Well, not really. I think what we are witnessing is just how much we have forgotten what the House of Representatives is supposed to be like. As I said over in the comments at TGE:

“Uh, what if they simply thought it was a crappy bill? Maybe they didn’t want to be stampeded into doing ’something!’ at the expense of doing ‘the right thing.’

“That is what makes Brooks’ statements so silly. Sure, average people feel anxious about the economy, but that doesn’t mean they want Congress to do something stupid just so they can say they did ’something.’

“And hell, if the Democrats actually believed this was the right thing to do they might have tried fighting for it. Obviously, they didn’t…so what does that say about the legislation?

“Besides, does Brooks really think that the calls, letter and emails that were flooding into elected officals offices (running 100-1 or more AGAINST this bailout) were really just the ideological wing of the Republican party? Thats just stupid.

“As for Madison, he didn’t have ideologies in mind because ideologies, as we think of them, were not an intellectual category back then. The idea of ‘faction’ is much more closely related to ruling political coalitions, in the Roman Republican sense. Indeed, Madison was a better (small ‘d’) democrat than you give him credit for. I really don’t think he would have had a problem if members of the House listened more closely to their constituents than other branches of government. Hell, if we are going to base this on the Federalist Papers, shouldnt we expect the Senate to go forward in a more august and thoughtful manner? (The answer is ‘yes’ they are supposed to do just that.) But did they? NO! They refuse to even begin the process by voting up or down on this measure. And why is that?
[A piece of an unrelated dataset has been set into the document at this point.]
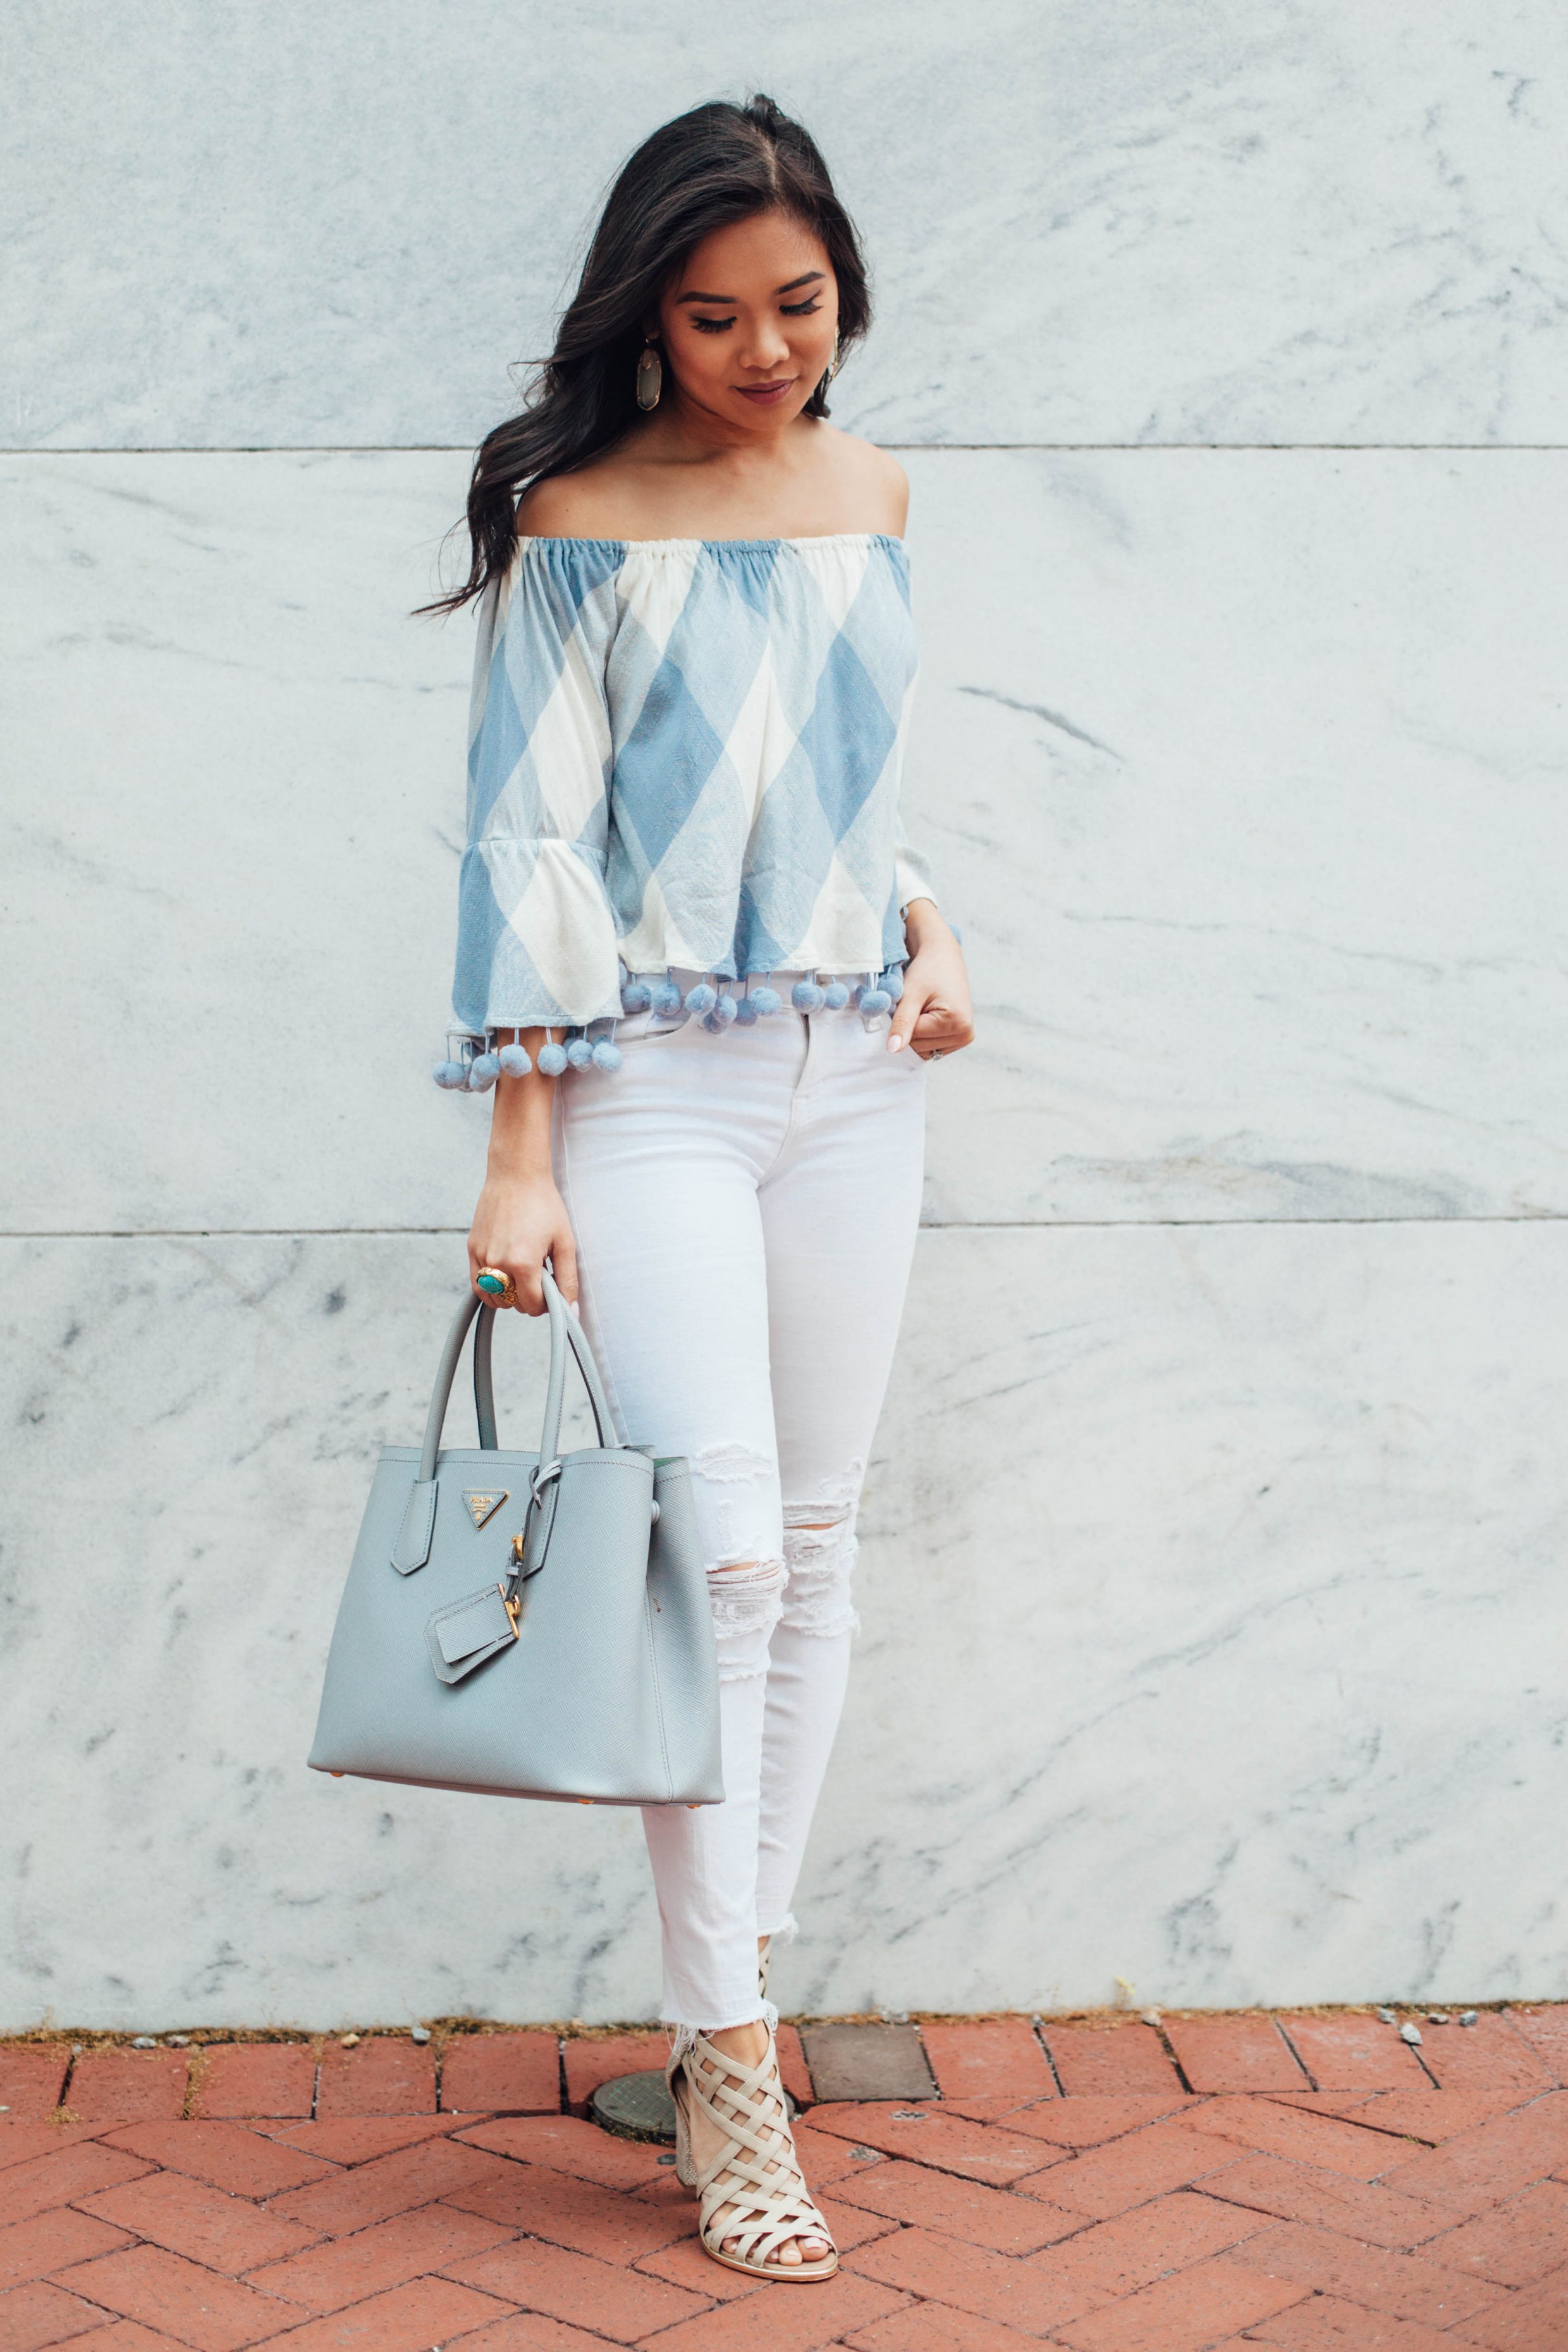 Off the shoulder top with pom pom trim and distressed jeans

Basically they are cowards who don’t want to get exposed during an election year.

“It is the ruling elite, as a whole, of this country that is failing us so badly and not this or that party or ideological wing. Brooks will never recognize that because he is so emeshed within the elites’ pattern of thinking. For him the elites ARE the country, so what they say should go, and the rest of the American people should feel themselves lucky that the elite lower themselves to do our thinking for us.”

I could have gone on. There were spontaeous demonstrations against the bailout all over the country. Did you hear or see one break out in favor of it? The notion that it is illegitimate for the most representative body in our national government to pay attention to the people writ large is deeply anti-democratic. Indeed, we are being asked, yet again, to suspend the normal process of making legislation because the elite want the money quickly. When people starting asking why, the response amounted to, “You wouldn’t understand ‘why.’ But trust us, its for your own good.”

Brooks still isn’t sure why that wasn’t good enough for us.